Downtown Cheyenne, WY. Photo via Flickr.
Cheyenne, WY is working to grow in ways that support the community’s economy as well as the quality of life for residents, and as part of that work the Cheyenne Metropolitan Planning Organization welcomed experts from Smart Growth America on April 21 and 22, 2015 for a “Planning for Economic and Fiscal Health” technical assistance workshop.
Cheyenne-area residents joined the workshop’s first day for an introductory presentation that featured an overview of the relationship between how a community grows and the health of its economy and local finances.
The second day of the workshop brought together an invited group of over 60 stakeholders. During the workshop, city officials provided a presentation of local perspectives on economic development, and how smart growth solutions can make a positive impact in Cheyenne by attracting a vibrant workforce and thriving businesses in the community.
The group included diverse representatives from city, county, and state government, business owners, public health officials, and other community organizations. The invited group viewed additional presentations and brainstormed the challenges and opportunities related to development and redevelopment of key areas in the city, particularly downtown. The workshop also helped participants understand how this approach can inform Plan Cheyenne, the city’s blueprint for development designed to support the region’s long-term economic vibrancy.

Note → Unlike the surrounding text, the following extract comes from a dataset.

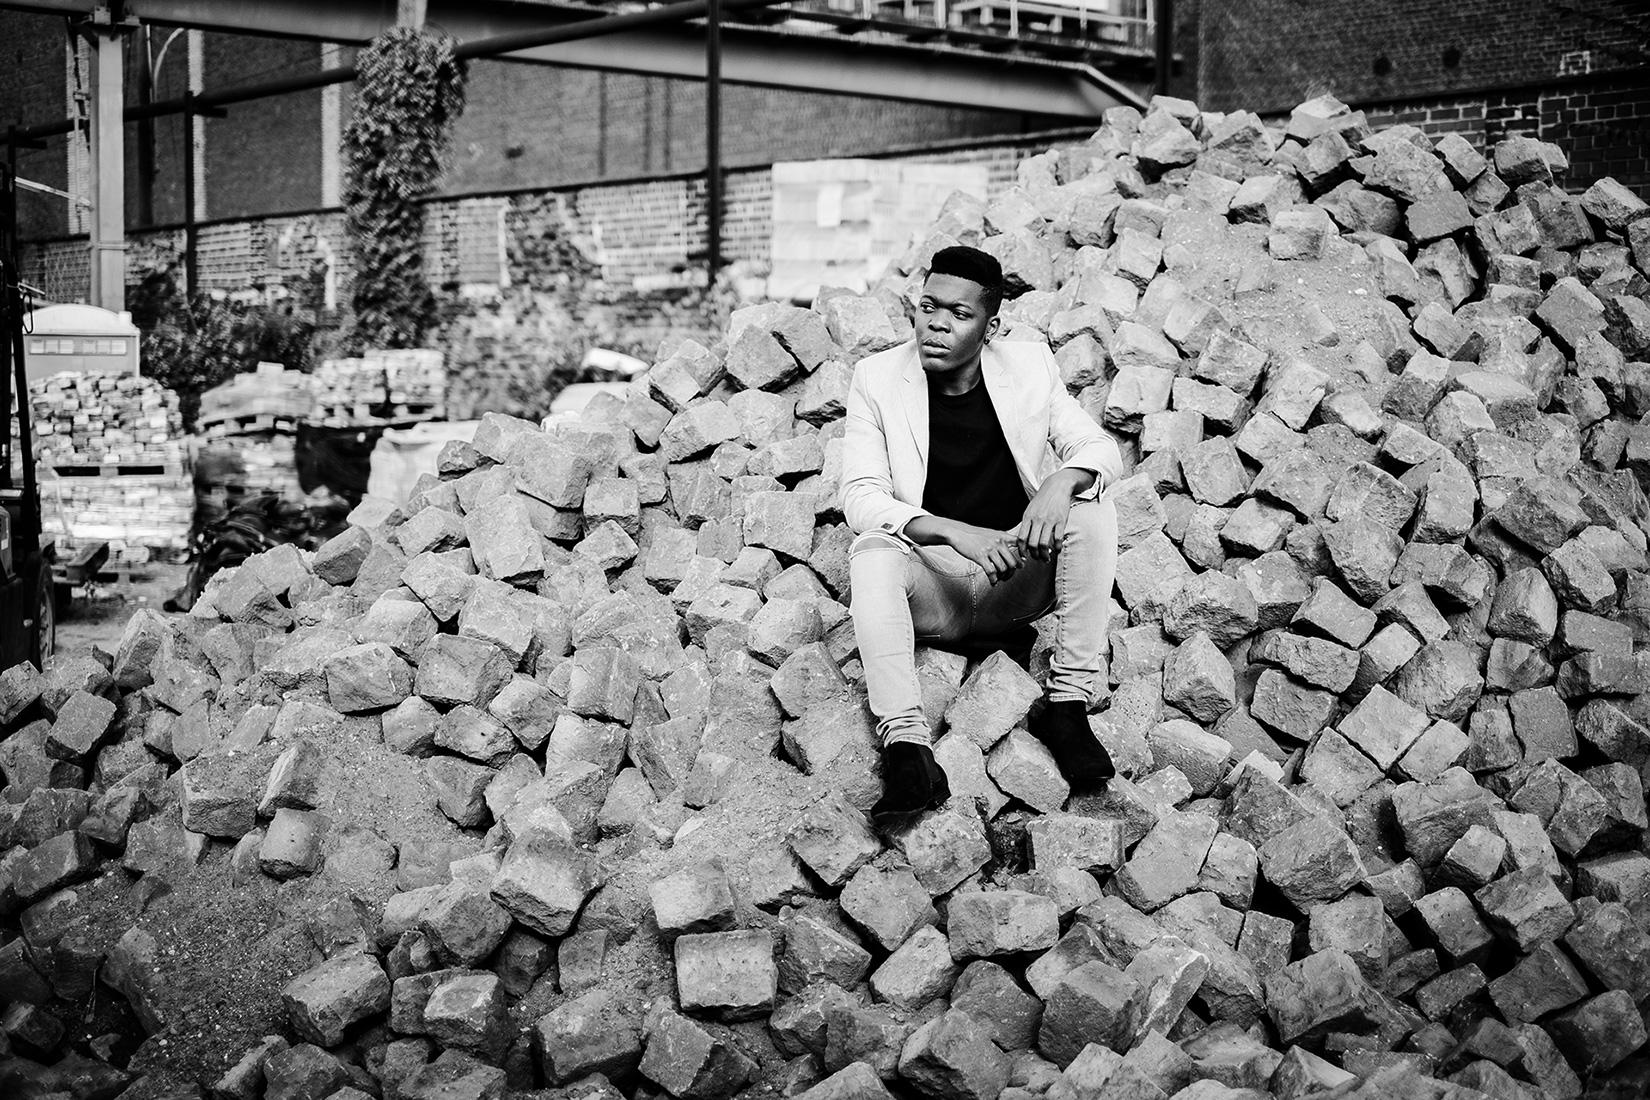 Billy sitzt im Steinhaufen - schwarz-weiß

Cheyenne was one of 14 communities nationwide selected to receive one of Smart Growth America’s 2015 free technical assistance workshops. Stretching from Florida to Washington State, these 14 communities represent major cities, suburban centers, and rural towns alike. The program, made possible through a five-year Building Blocks for Sustainable Communities grant from the U.S. Environmental Protection Agency Office of Sustainable Communities, seeks to develop local planning solutions that help communities grow in ways that benefit families and businesses, while protecting the environment and preserving a sense of place. One other nonprofit organization—Project for Public Spaces—currently has an active grant to help communities get the kinds of development they want.